145:14 "The Lord sustains all who fall" Psalm 145:14-16 speaks of God providing faithful followers' physical needs, while Ps. 145:17-21 speaks of God providing for their spiritual needs. Notice the repetitive use of the term "all."

145:15 "The eyes of all look to You" These verses state that God provides food for all of His creatures, cf. Ps. 104:27,28; 136:25.

145:16 This is the concept of "Providence." God creates and sustains this planet and all its life forms. This action in the OT is attributed to Elohim (see Special Topic: Names for Deity). 

NASB (UPDATED) TEXT: 145:17-21
 17The Lord is righteous in all His ways
 And kind in all His deeds.
 18The Lord is near to all who call upon Him,
 To all who call upon Him in truth.
 19He will fulfill the desire of those who fear Him;
 He will also hear their cry and will save them.
 20The Lord keeps all who love Him,
 But all the wicked He will destroy.
 21My mouth will speak the praise of the Lord,
 And all flesh will bless His holy name forever and ever.

145:17 "And kind in all His deeds" This is the Hebrew word hesed, which speaks of God's covenant loyalty. It was used earlier in Ps. 145:8 to describe God's character and here to describe God's acts.

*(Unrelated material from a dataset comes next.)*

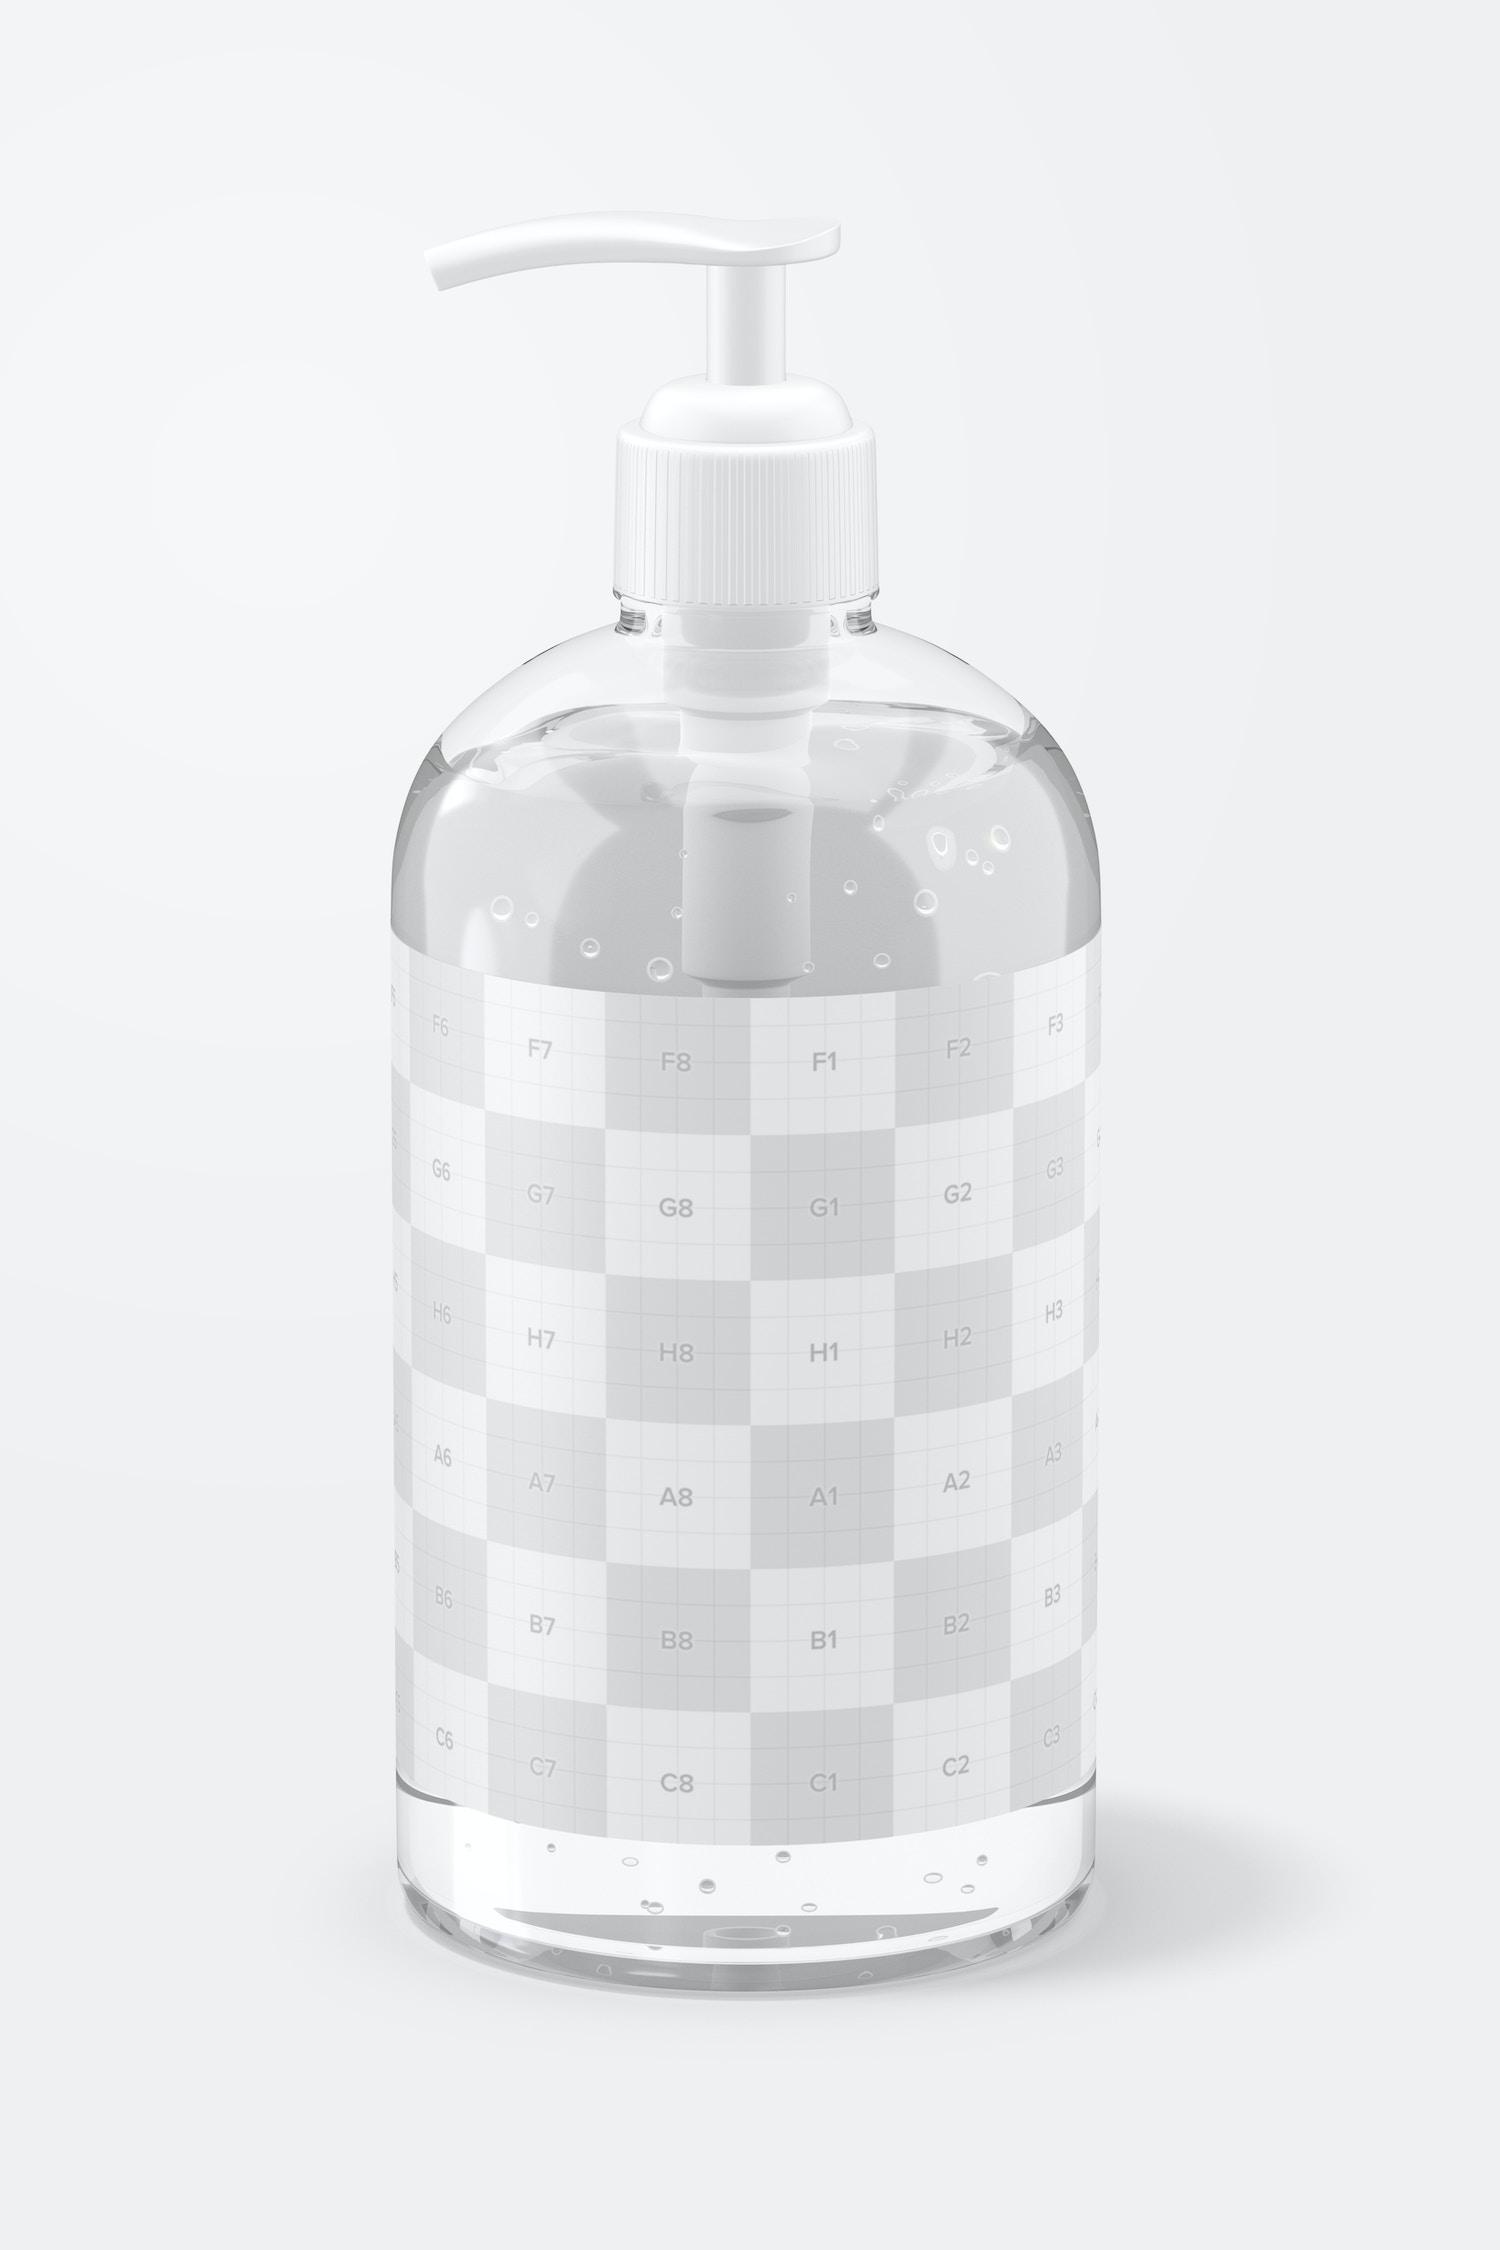 16 oz Sanitizing Gel Bottle Mockup, Left View

145:18 "The Lord is near" This is an emphasis on the eminence of God, while Ps. 145:5 is denoting His transcendence, cf. Ps. 34:18; 119:151; and especially Deut. 4:7.

▣ "To all who call upon Him" There is a series of conditions (i.e., Ps. 145:18-20). It must be remembered that all of God's covenants are unconditional on His part but conditional on human response. These four conditions speak of repentance and faith, both initial and ongoing, on the part of the people of God. See notes at Rom. 10:9-13 online.

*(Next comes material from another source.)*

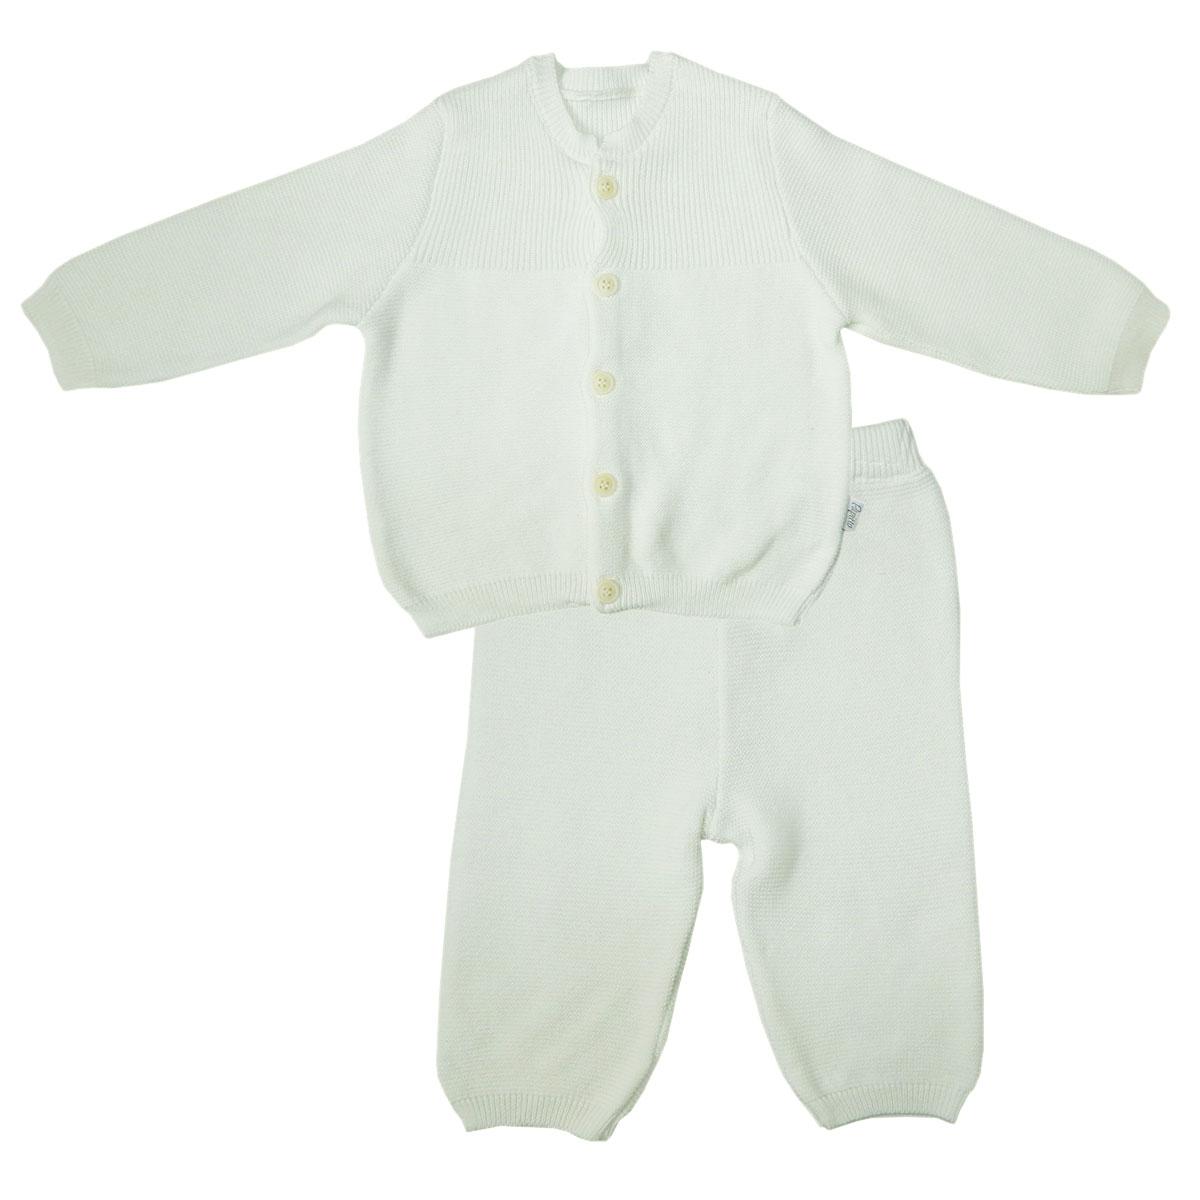 Купить 73-7004, Комплект одежды Папитто, цв. бежевый р.68,

145:19 "those who fear Him" See Special Topic: Fear (OT).

145:20 "But all the wicked He will destroy" This does not speak of annihilation in death but of physical judgment, cf. Ezek. 14:9; Amos 9:8; Hab. 2:2 (see Robert Girdlestone, Synonyms of the Old Testament, p. 178).

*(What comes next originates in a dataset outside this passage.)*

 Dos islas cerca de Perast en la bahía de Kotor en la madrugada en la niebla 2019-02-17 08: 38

145:21 "And all flesh will bless His holy name forever and ever" Again, this is like Ps. 145:1 and 3. It is not an affirmation of an afterlife, but that certainly is implied, as in Phil. 2:6-11.

DISCUSSION QUESTIONS

This is a study guide commentary which means that you are responsible for your own interpretation of the Bible. Each of us must walk n the light we have. You, the Bible, and the Holy Spirit are priority in interpretation. You must not relinquish this to a commentator.

These discussion questions are provided to help you think through the major issues of this section of the book. They are meant to be thought provoking, not definitive.

1. List the praise-worthy attributes of God.

2. This Psalm refers to YHWH's acts in several verses and in several ways. What acts is it referring to?

3. How does Ps. 145:8-16 (and 145:21) communicate YHWH's universal love?

4. Who are "the godly ones" of Ps. 145:10?

5. Who are "the sons of men" of Ps. 145:12?

6. Does the OT focus on an eternal kingdom or a millennium?

7. How does the "transcendence" of Ps. 145:5 relate to the "eminence" of Ps. 145:18?

8. List the four conditions of Ps. 145:18-20 which relate to faithful followers.